THE PROBLEM: Repeat the lines below exactly as they appear, but leave out the images.

PROVIDED DATA:
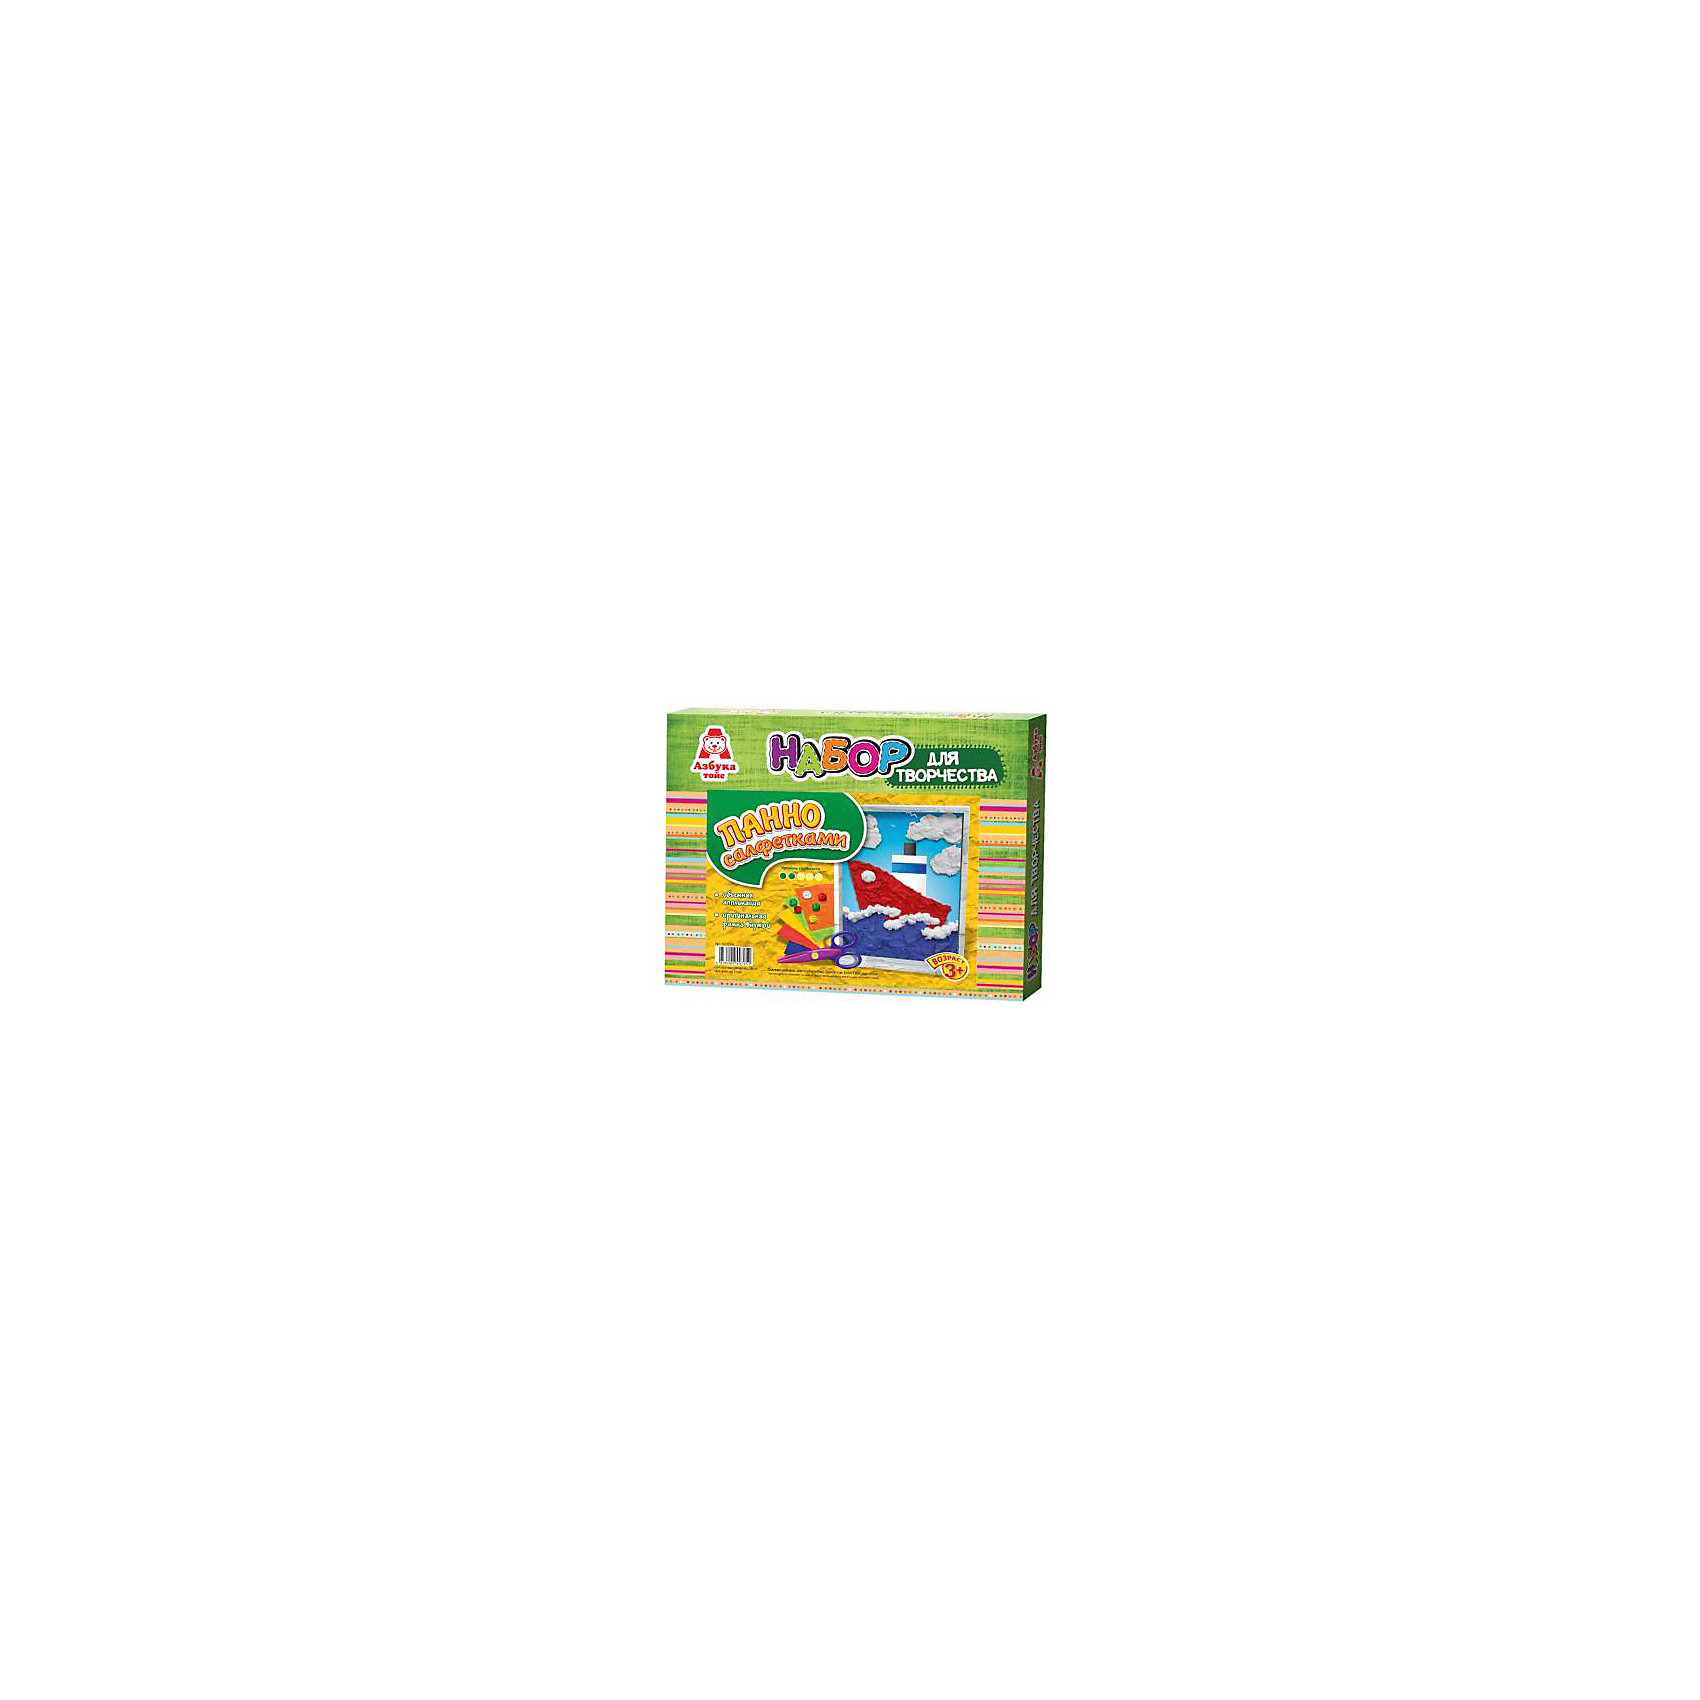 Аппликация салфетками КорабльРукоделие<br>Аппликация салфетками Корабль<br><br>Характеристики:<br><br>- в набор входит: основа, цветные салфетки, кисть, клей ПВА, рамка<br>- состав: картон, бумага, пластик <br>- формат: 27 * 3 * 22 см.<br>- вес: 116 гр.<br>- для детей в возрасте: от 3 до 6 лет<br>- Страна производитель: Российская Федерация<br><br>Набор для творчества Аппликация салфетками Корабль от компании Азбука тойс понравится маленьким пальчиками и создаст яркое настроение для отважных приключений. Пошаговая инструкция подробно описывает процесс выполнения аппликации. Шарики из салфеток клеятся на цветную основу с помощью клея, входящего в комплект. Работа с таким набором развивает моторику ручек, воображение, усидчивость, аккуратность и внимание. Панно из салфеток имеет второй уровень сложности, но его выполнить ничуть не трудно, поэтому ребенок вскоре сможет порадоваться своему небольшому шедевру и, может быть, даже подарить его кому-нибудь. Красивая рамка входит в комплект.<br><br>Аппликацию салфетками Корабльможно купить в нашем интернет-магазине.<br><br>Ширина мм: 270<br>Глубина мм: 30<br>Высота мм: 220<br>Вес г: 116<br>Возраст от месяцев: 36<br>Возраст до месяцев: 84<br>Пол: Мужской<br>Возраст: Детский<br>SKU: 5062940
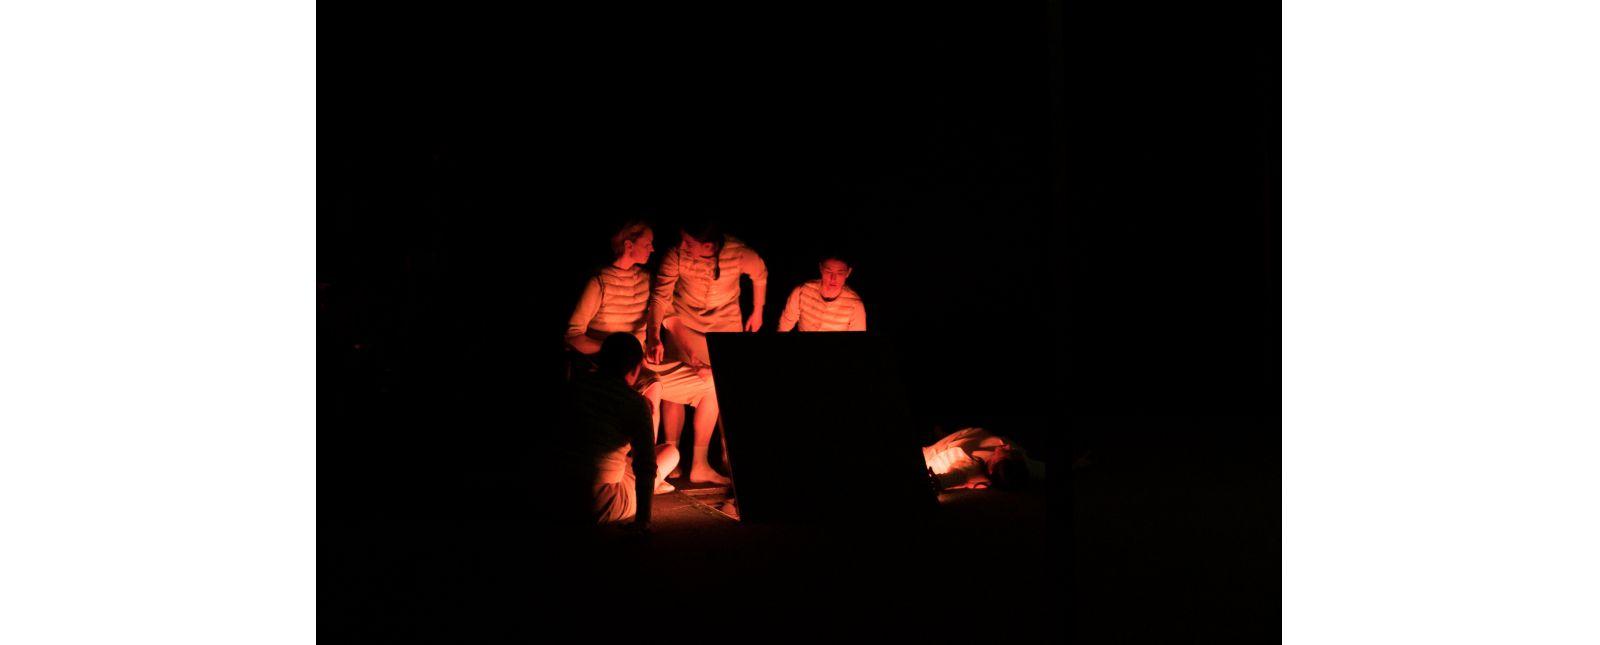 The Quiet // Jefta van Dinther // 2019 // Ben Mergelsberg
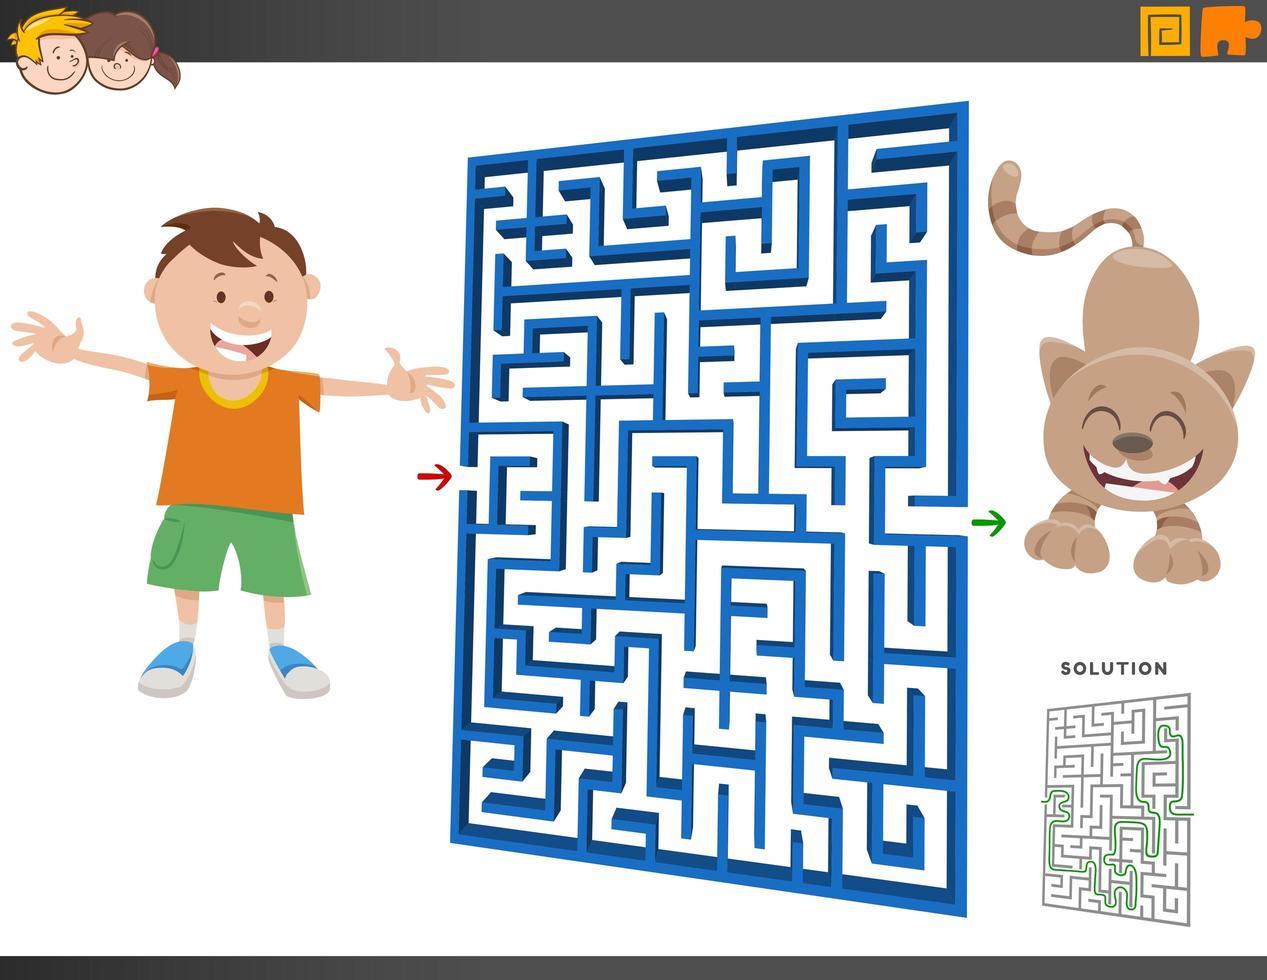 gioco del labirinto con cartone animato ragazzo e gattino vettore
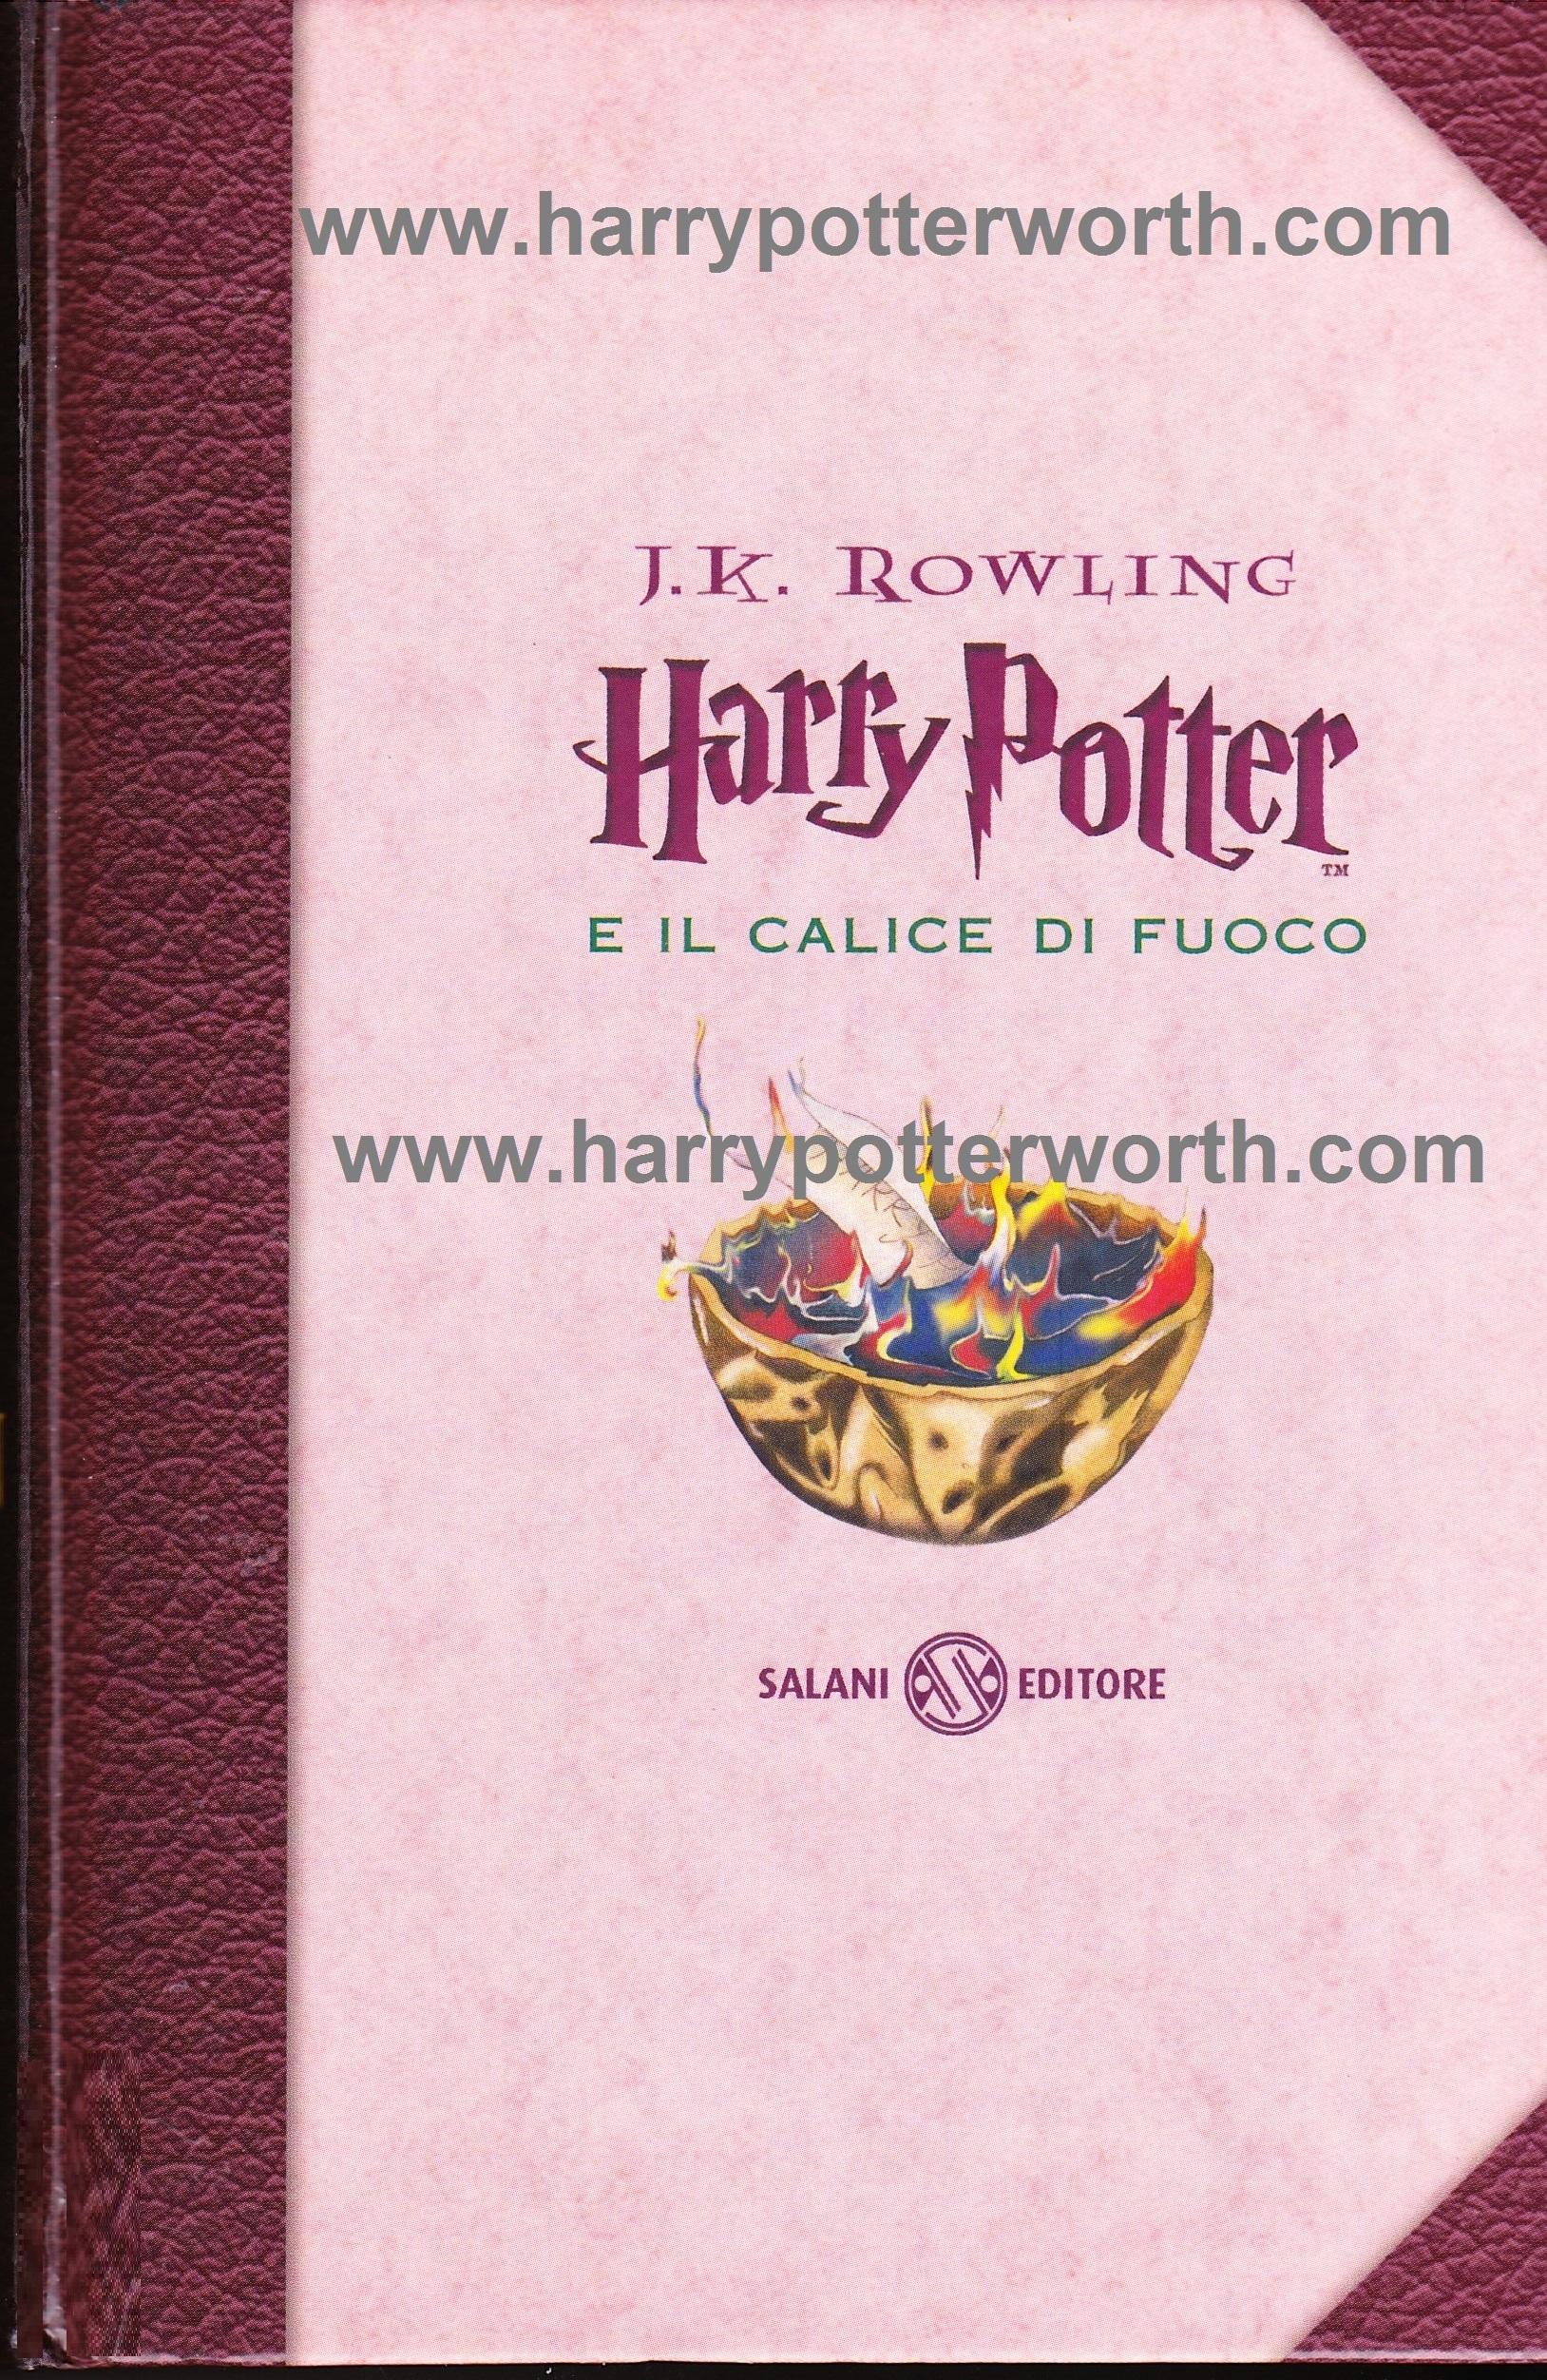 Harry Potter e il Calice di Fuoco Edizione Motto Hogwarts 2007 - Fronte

RESULT OF THE TASK:
 Аппликация салфетками КорабльРукоделие<br>Аппликация салфетками Корабль<br><br>Характеристики:<br><br>- в набор входит: основа, цветные салфетки, кисть, клей ПВА, рамка<br>- состав: картон, бумага, пластик <br>- формат: 27 * 3 * 22 см.<br>- вес: 116 гр.<br>- для детей в возрасте: от 3 до 6 лет<br>- Страна производитель: Российская Федерация<br><br>Набор для творчества Аппликация салфетками Корабль от компании Азбука тойс понравится маленьким пальчиками и создаст яркое настроение для отважных приключений. Пошаговая инструкция подробно описывает процесс выполнения аппликации. Шарики из салфеток клеятся на цветную основу с помощью клея, входящего в комплект. Работа с таким набором развивает моторику ручек, воображение, усидчивость, аккуратность и внимание. Панно из салфеток имеет второй уровень сложности, но его выполнить ничуть не трудно, поэтому ребенок вскоре сможет порадоваться своему небольшому шедевру и, может быть, даже подарить его кому-нибудь. Красивая рамка входит в комплект.<br><br>Аппликацию салфетками Корабльможно купить в нашем интернет-магазине.<br><br>Ширина мм: 270<br>Глубина мм: 30<br>Высота мм: 220<br>Вес г: 116<br>Возраст от месяцев: 36<br>Возраст до месяцев: 84<br>Пол: Мужской<br>Возраст: Детский<br>SKU: 5062940
 The Quiet // Jefta van Dinther // 2019 // Ben Mergelsberg
 gioco del labirinto con cartone animato ragazzo e gattino vettore
 Harry Potter e il Calice di Fuoco Edizione Motto Hogwarts 2007 - Fronte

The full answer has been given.